CloudatCost June Outage
-
My C@C server is still up.
-
Mine has been up. Although I haven't touched it much. I assume this is another storage issue with the larger servers.
-
My tweet is above.
I ended up getting my most important instance recovered after a few reboots, fsck and fixing a few things manually, but I had two others that seem to be unrecoverable. Since each instance is running an entirely different workload, my guess is they had some kind of storage outage that thrashed my virtual disks to death.
-
@sithadmin welcome to MangoLassi!
-
Welcome @sithadmin!
-
@sithadmin said:
Since each instance is running an entirely different workload, my guess is they had some kind of storage outage that thrashed my virtual disks to death.
They have that a lot. We've measured their disk IO quite often and it was atrocious. Instead of using scale out cloud storage like CEPH, Gluster or OpenStack they are trying to just use a single SAN to do all of this. They don't know how to build cloud storage and made a newbie mistake as if they'd never done virtualization or storage before. They don't have the architecture now to fix things.
-
@scottalanmiller If that's the case, I wouldn't be surprised at all. It'd difficult to think of something I've seen this provider do the right way.
-
@sithadmin said:
@scottalanmiller If that's the case, I wouldn't be surprised at all. It'd difficult to think of something I've seen this provider do the right way.
No kidding. When we first did a dmidecode on one of these VMs and saw that it was VMware we questioned what else could be wrong.
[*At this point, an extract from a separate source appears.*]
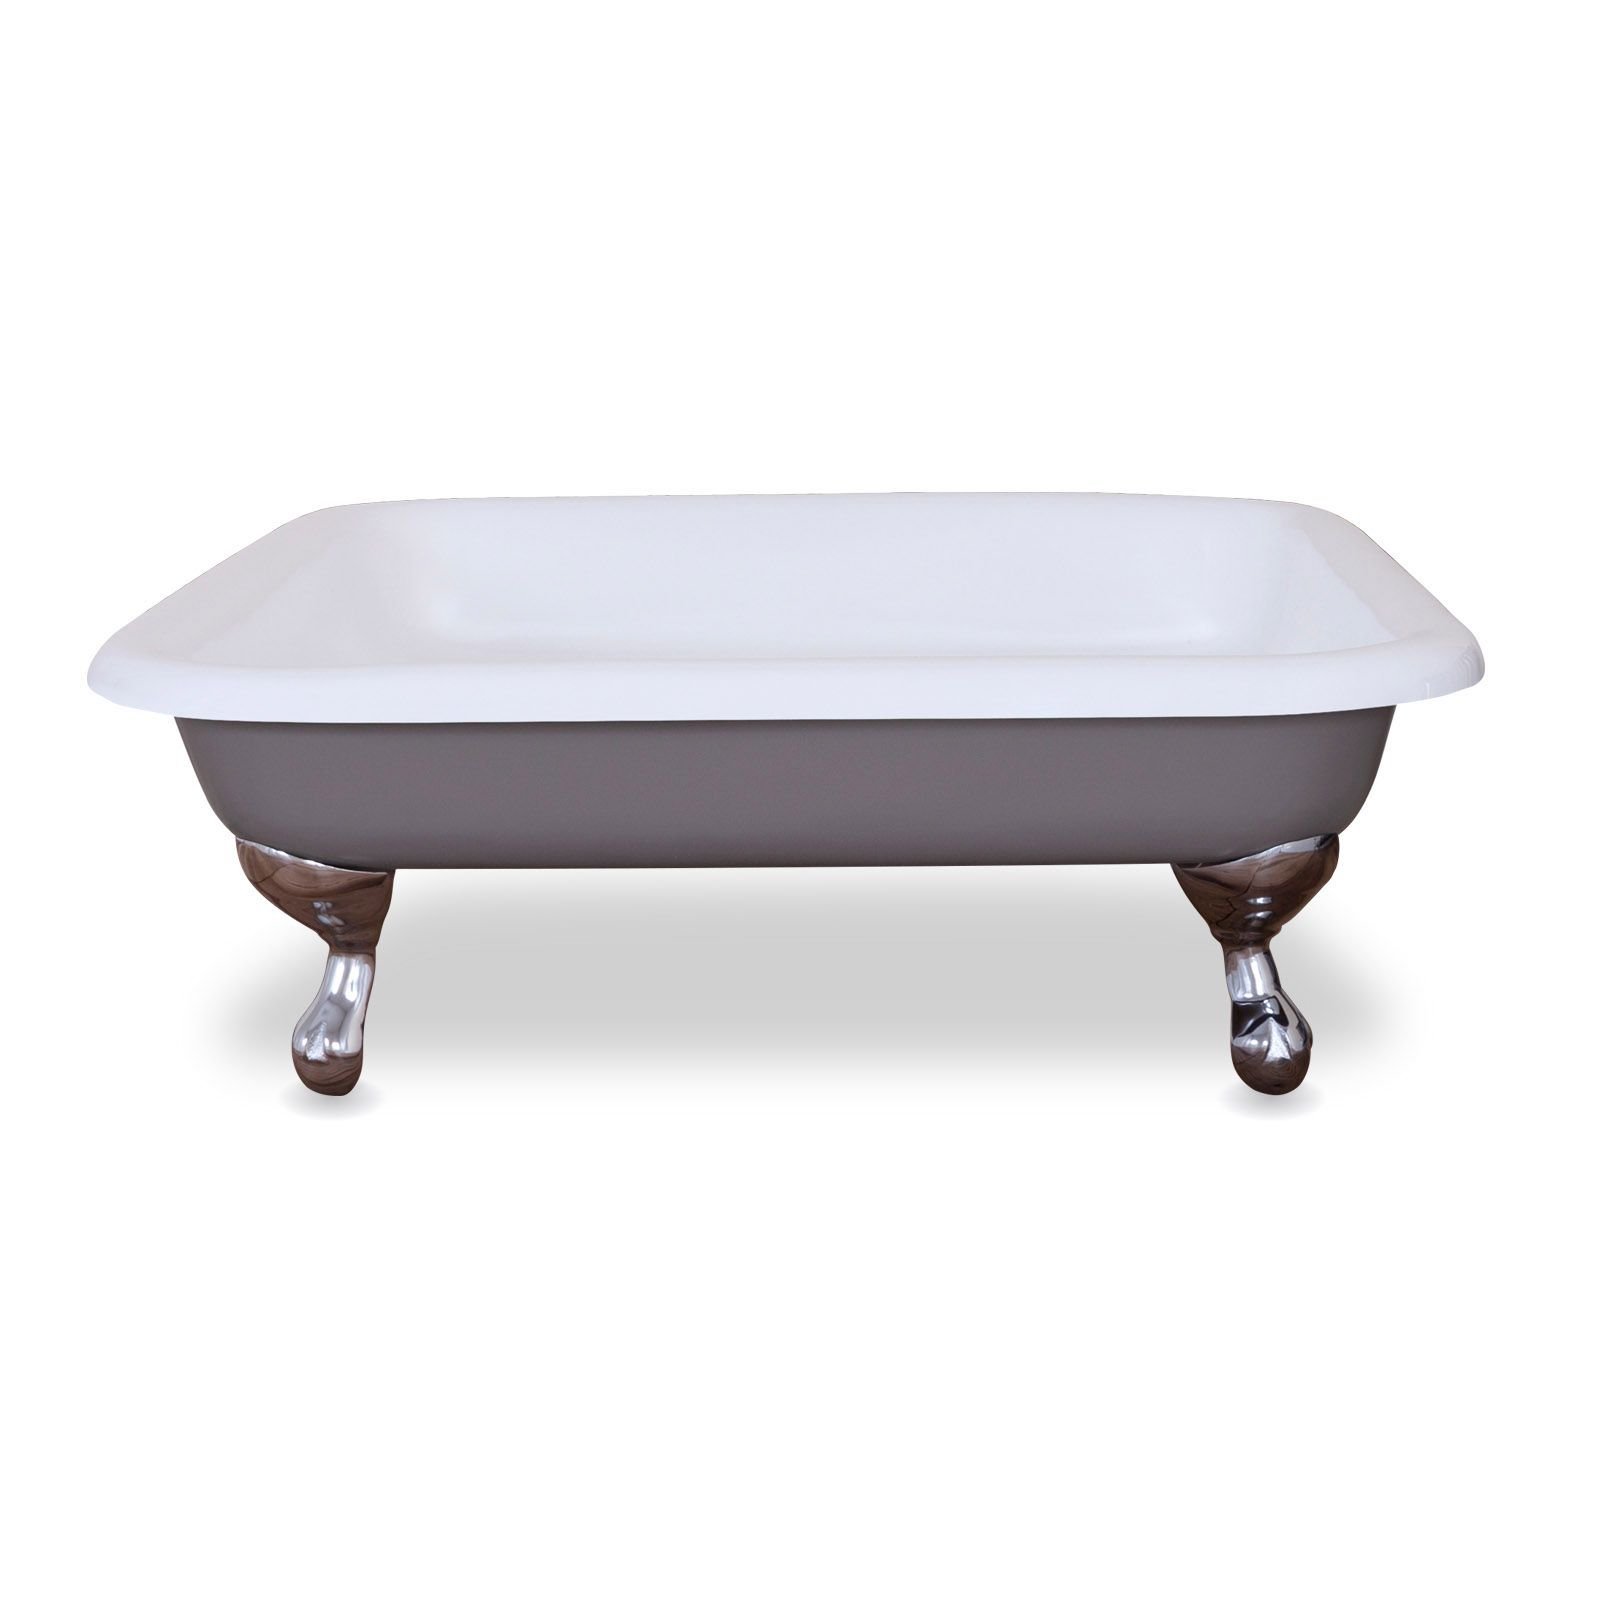 Benthall Cast Iron Shower Tray - painted

Why a cloud provider would be paying a massive premium for a VMware platform when Xen, KVM and HyperV are all free makes no sense, especially when Linux is the only workload option that CloudatCost had (check the threads as to why Windows isn't legally an option on CloudatCost.) So VMware cost a fortune and crippled them in performance.
Answer that we came up with then - that CloudatCost lacked the technical skills to run OpenStack or other serious cloud platform. So they were doing this to try to "buy" their way out of lacking IT skills.
It was later than we found out about the SAN issue. But it was more of the same. I'm sure they had no idea how storage for a cloud was to work and instead of learning about it, they called up a storage vendor and the sales person designed the storage for them. By the book mistakes one after another.
-
I am surprised they are still online at all.
-
@IRJ said:
I am surprised they are still online at all.
Why? I mean they are redundant after all lol...
-
@thecreativeone91 said:
@IRJ said:
I am surprised they are still online at all.
Why? I mean they are redundant after all lol...
The only thing that is redundant is their outages
-